Burger.Barock.Bourbonen – 7. Station: Das Beatrice von Wattenwyl Haus, der Sumpf von Villmergen und das Stadtpalais von General Frisching

Wir stehen vor dem Beatrice von Wattenwyl Haus. Es gehört heute der Schweizerischen Eidgenossenschaft, der es für Staatsempfänge und wichtige Politanlässe dient. Es steht auch für die wichtigste Etappe im Gleichgewicht der Konfessionen in der Schweiz nach der Reformation: der Schlacht von Villmergen.

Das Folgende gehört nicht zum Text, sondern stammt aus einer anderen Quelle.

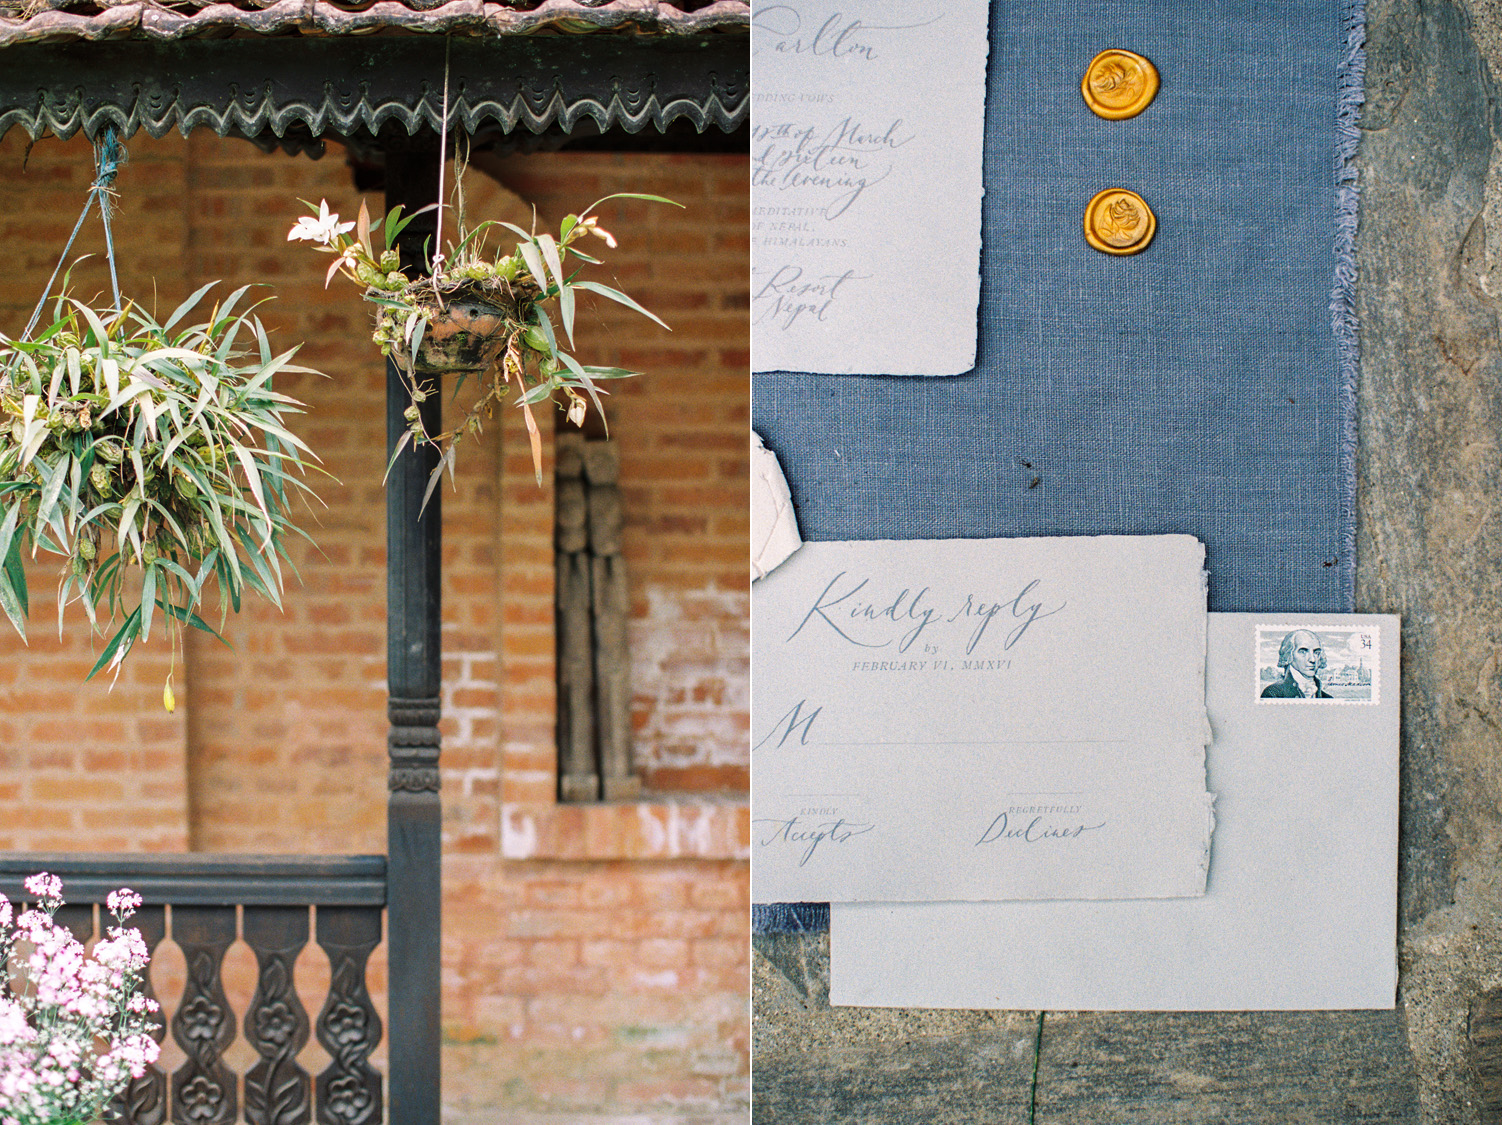 Nepal Wedding Photography with Shop Gossamer, Nina & Wes Photography & Jaclyn Journey Florals

Die Frontseite lohnt sich kaum mehr, betrachtet und eingeordnet zu werden. Es ist früher Berner Barock aus dem Ende des 17. Jahrhunderts. Wir kennen das. Umso interessanter ist die Rückseite mit hochbarocker Fassade und riesigem Garten.
„Beatrice von Wattenwyl-Haus“ heisst es, weil ihr Mann es 1934 dem Bund verkaufte und bestimmte, es müsse den Namen seiner verstorbenen Frau tragen. Gebaut wurde es zwischen 1695 und 1710 in mehreren Schüben von Samuel Frisching, der hier drei Liegenschaften nebeneinander besass.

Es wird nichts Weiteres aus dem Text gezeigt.